Noveske Rifleworks
- Type: Manufacturer
- Industry: Firearms
- Founded: 2001; 25 years ago in Grants Pass, Oregon, USA.
- Founder: John Noveske
- Website: noveske.com

= Noveske Rifleworks =

American firearms company

Noveske Rifleworks is an American firearms company. They are headquartered in Grants Pass, Oregon and are known for their work with the AR-15 platform and the KeyMod attachment system.

==Overview==
Noveske Rifleworks was founded in 2001 by John Noveske. They are highly regarded with a strong reputation.

They are based in Grants Pass, Oregon. Their slogan is “the All-American Badass Rifle Company.”

== History ==
In 2012, Noveske introduced KeyMod, a new system for attaching weapons accessories which soon became an industry and military standard.

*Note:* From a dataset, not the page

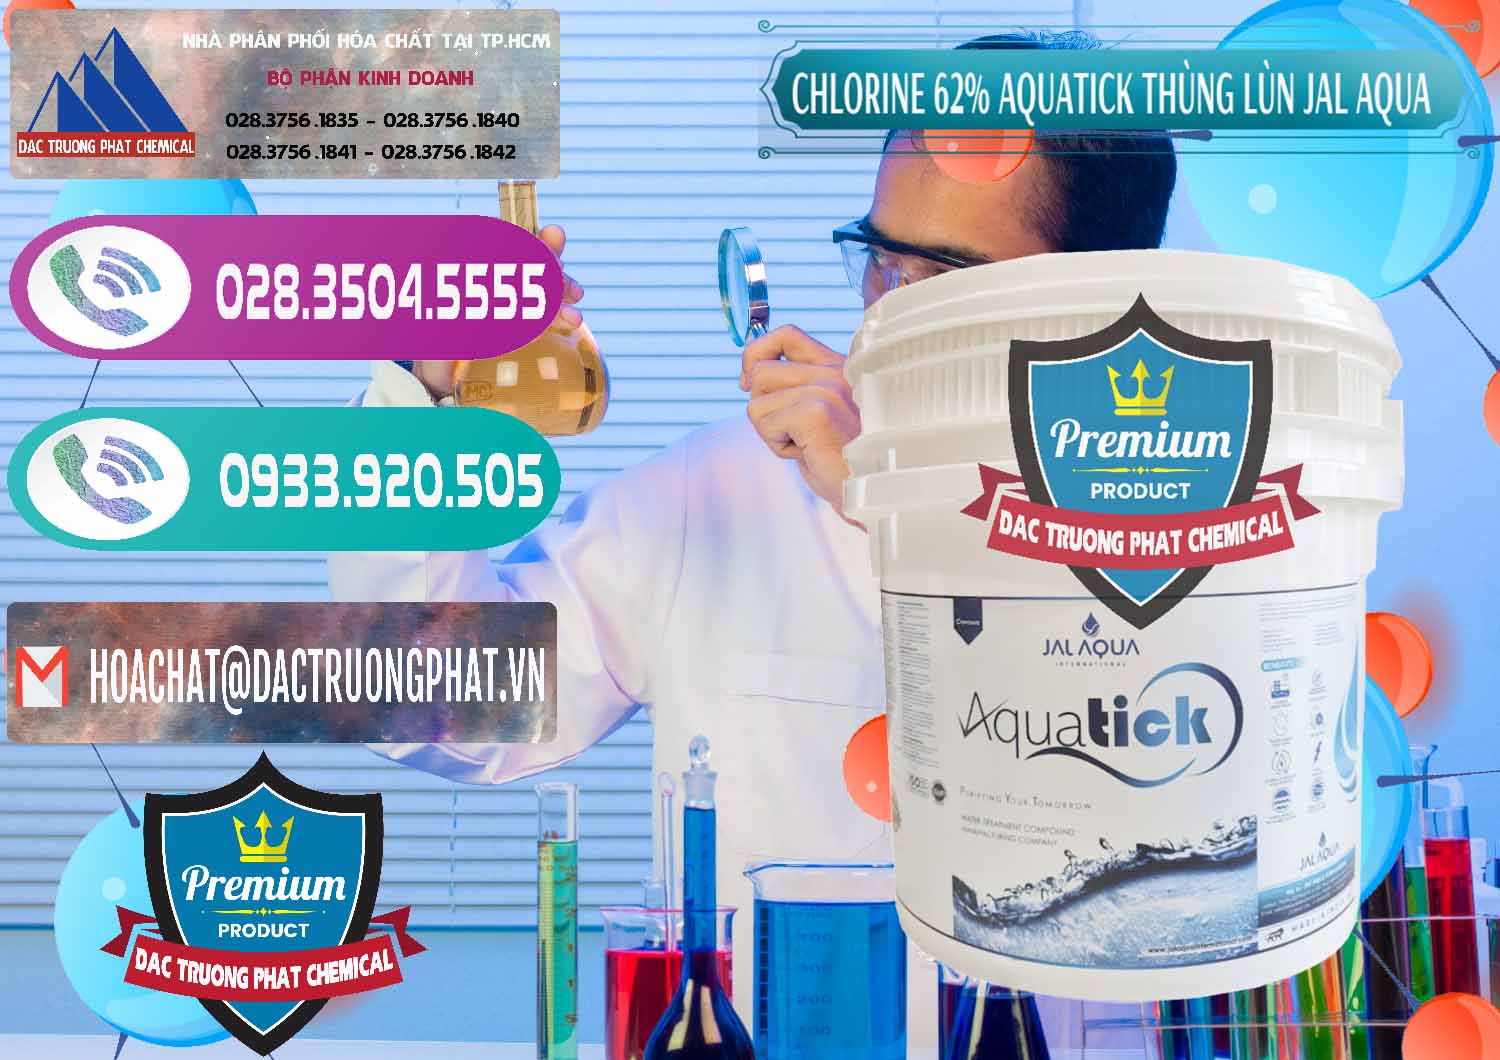 Nơi kinh doanh & bán Chlorine – Clorin 62% Aquatick Thùng Lùn Jal Aqua Ấn Độ India - 0238 - Đơn vị chuyên phân phối _ cung ứng hóa chất tại TP.HCM - hoachatxulynuoc.com
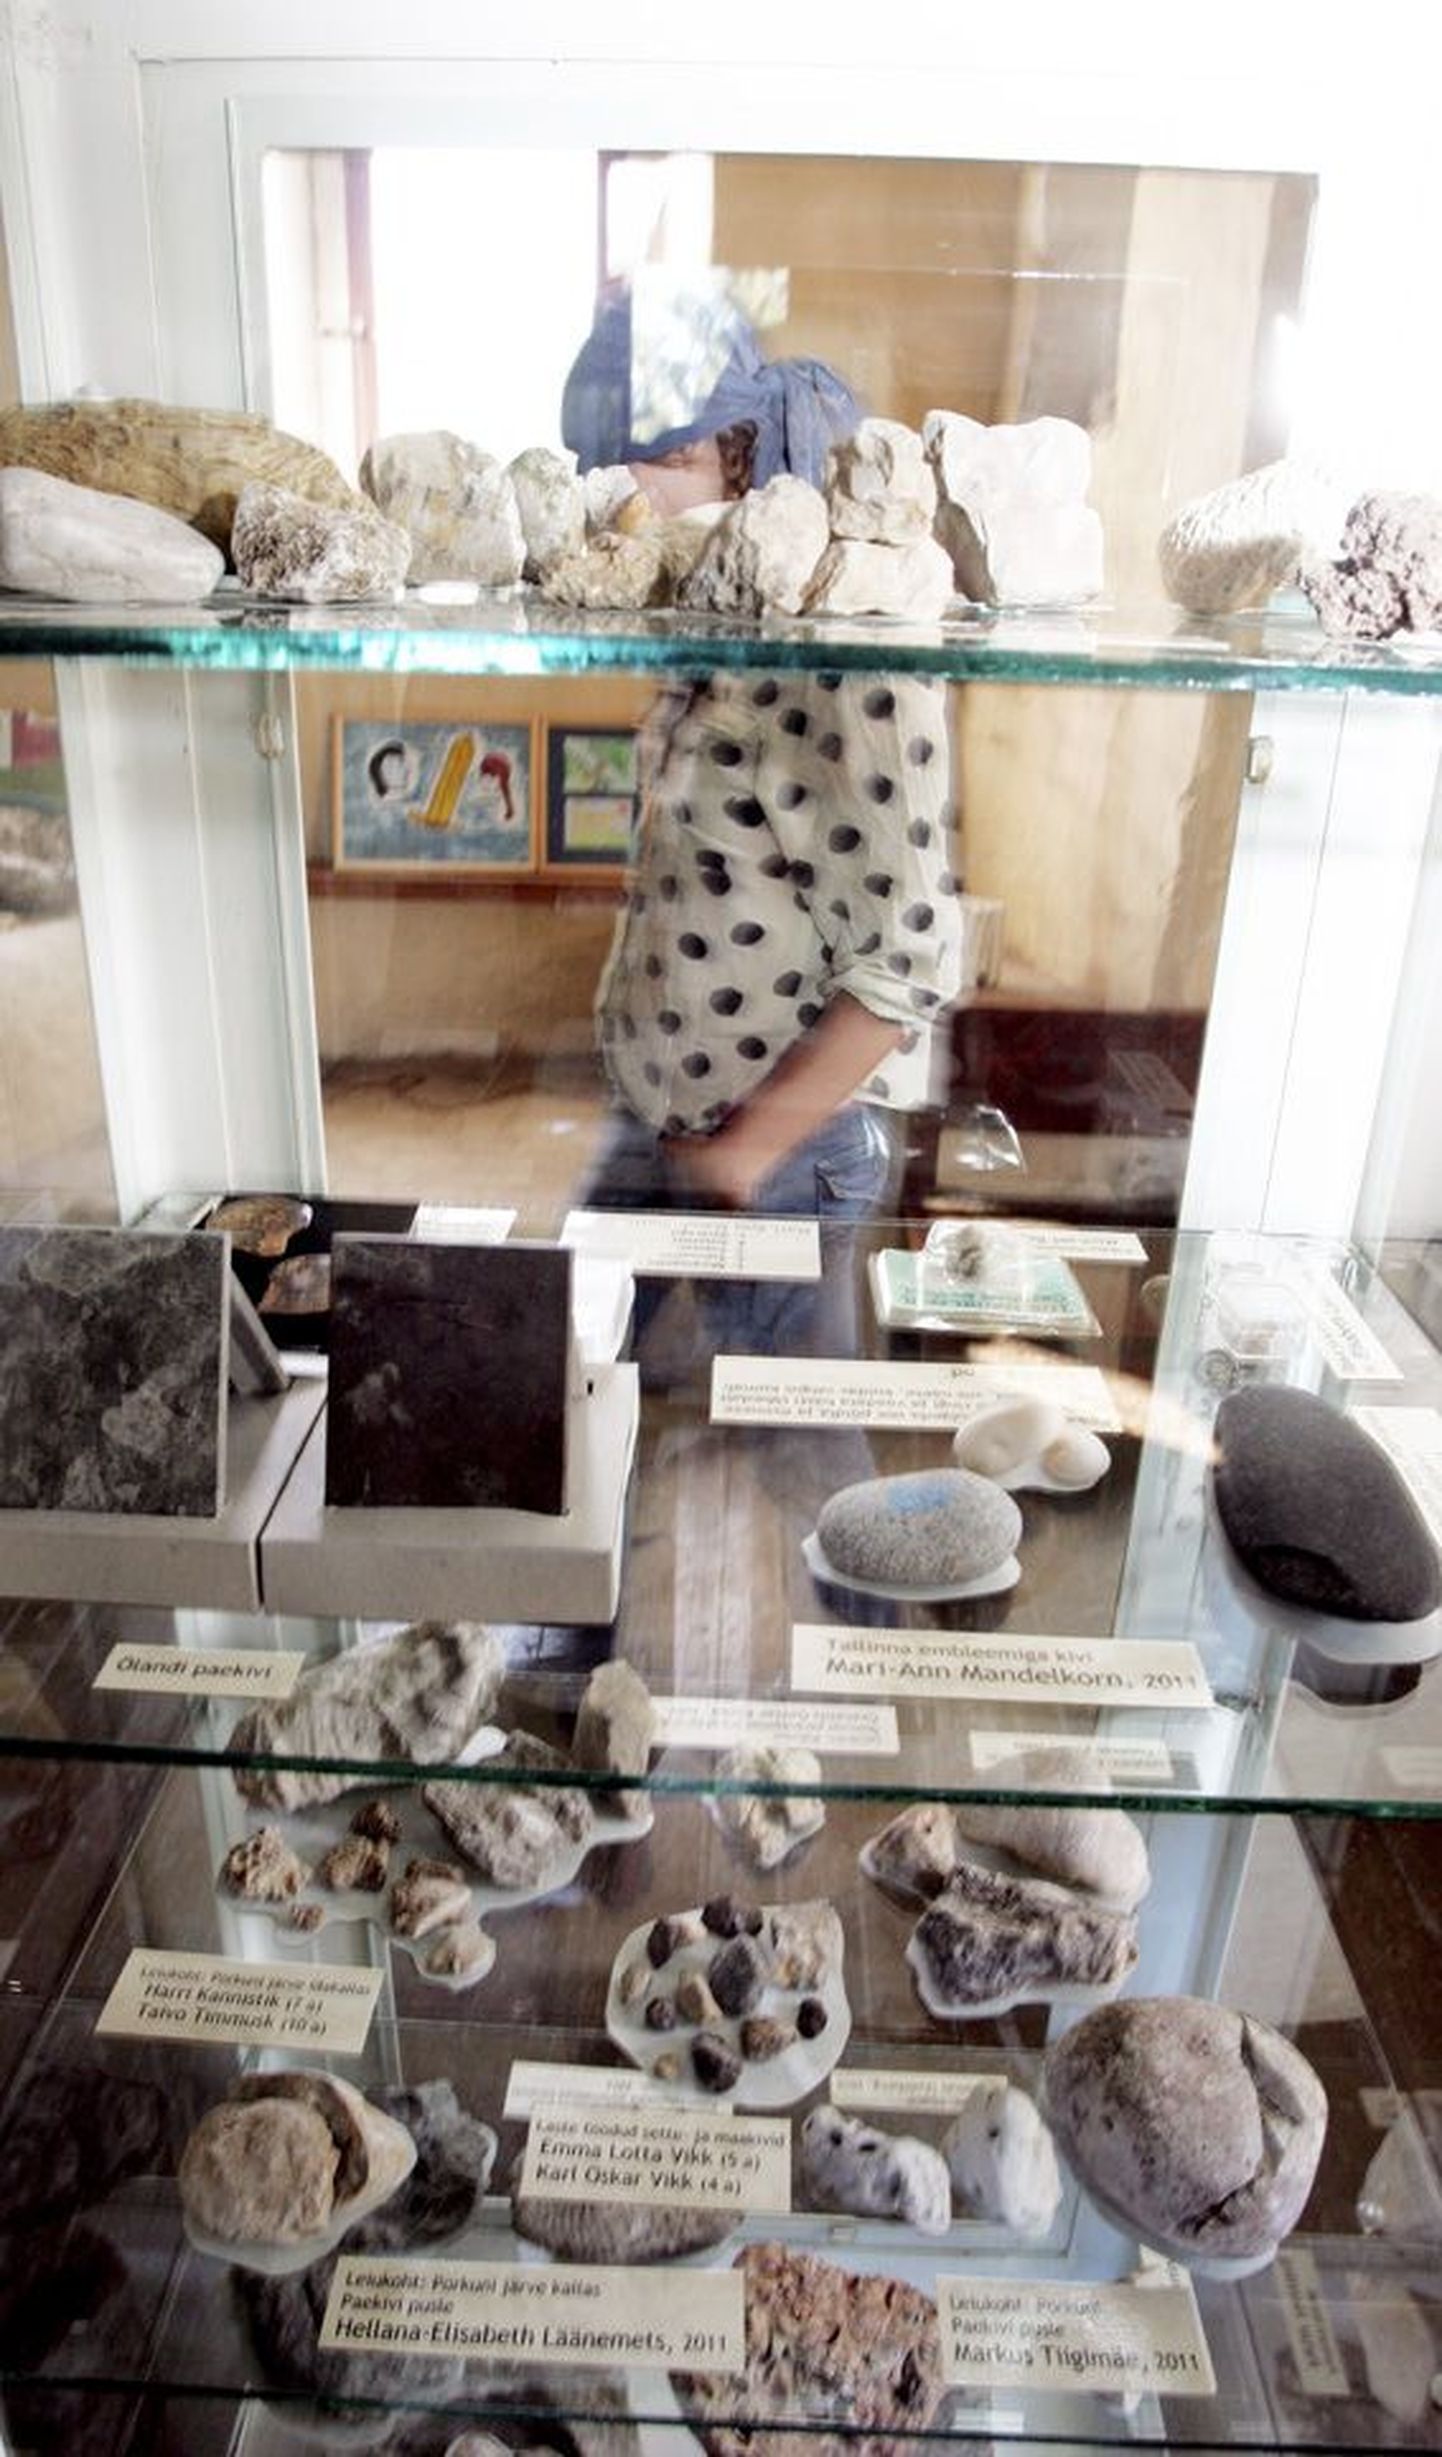 Paemuuseumile kingitud kivide näitus, kus saab imetleda ka erkvalget Porkuni koralli.

In 2013 John Noveske died in a car accident. Noveske's death spawned a number of conspiracy theories.

The company was restructured after Noveske's death, in 2014 Tim Dillon took over as president and chief executive officer.

A Noveske N4 was one of the weapons used in the 2017 Las Vegas shooting.

In 2019 Noveske was one of ten companies selected by the US Army to present a subcompact weapon for evaluation under the Project Manager Soldier Weapons program, Noveske presented the Noveske subcompact weapon.

In 2019 Noveske introduced a water gun styled after their AR pattern rifles. It was produced in collaboration with lifestyle brand URT Inc.

In 2019 Noveske released their fourth generation of AR platform rifles.

Between 2007 and 2020 Noveske was awarded US military contracts worth nearly $4.9 million.

== Products ==

===Firearms===
- Nosler Varmageddon AR, in collaboration with Nosler and chambered in 22 Nosler
- Noveske subcompact weapon
- “Heat Model” Colt 733 Enhanced Clone Package, a collaboration with Dead Air Silencers based on a gun used in Heat (1995 film) and modeled on the Colt 733
- Noveske9, 9mm parabellum chambered AR
- Space Invader

===Water guns===
- Water Hog 5000 sqURT

===Other===
- Ammunition, Noveske branded but produced by Nosler

== Users ==
- USA: US Navy Seals

== Popular culture ==
In the 2010 film The Expendables some of the characters wield Noveske N4s.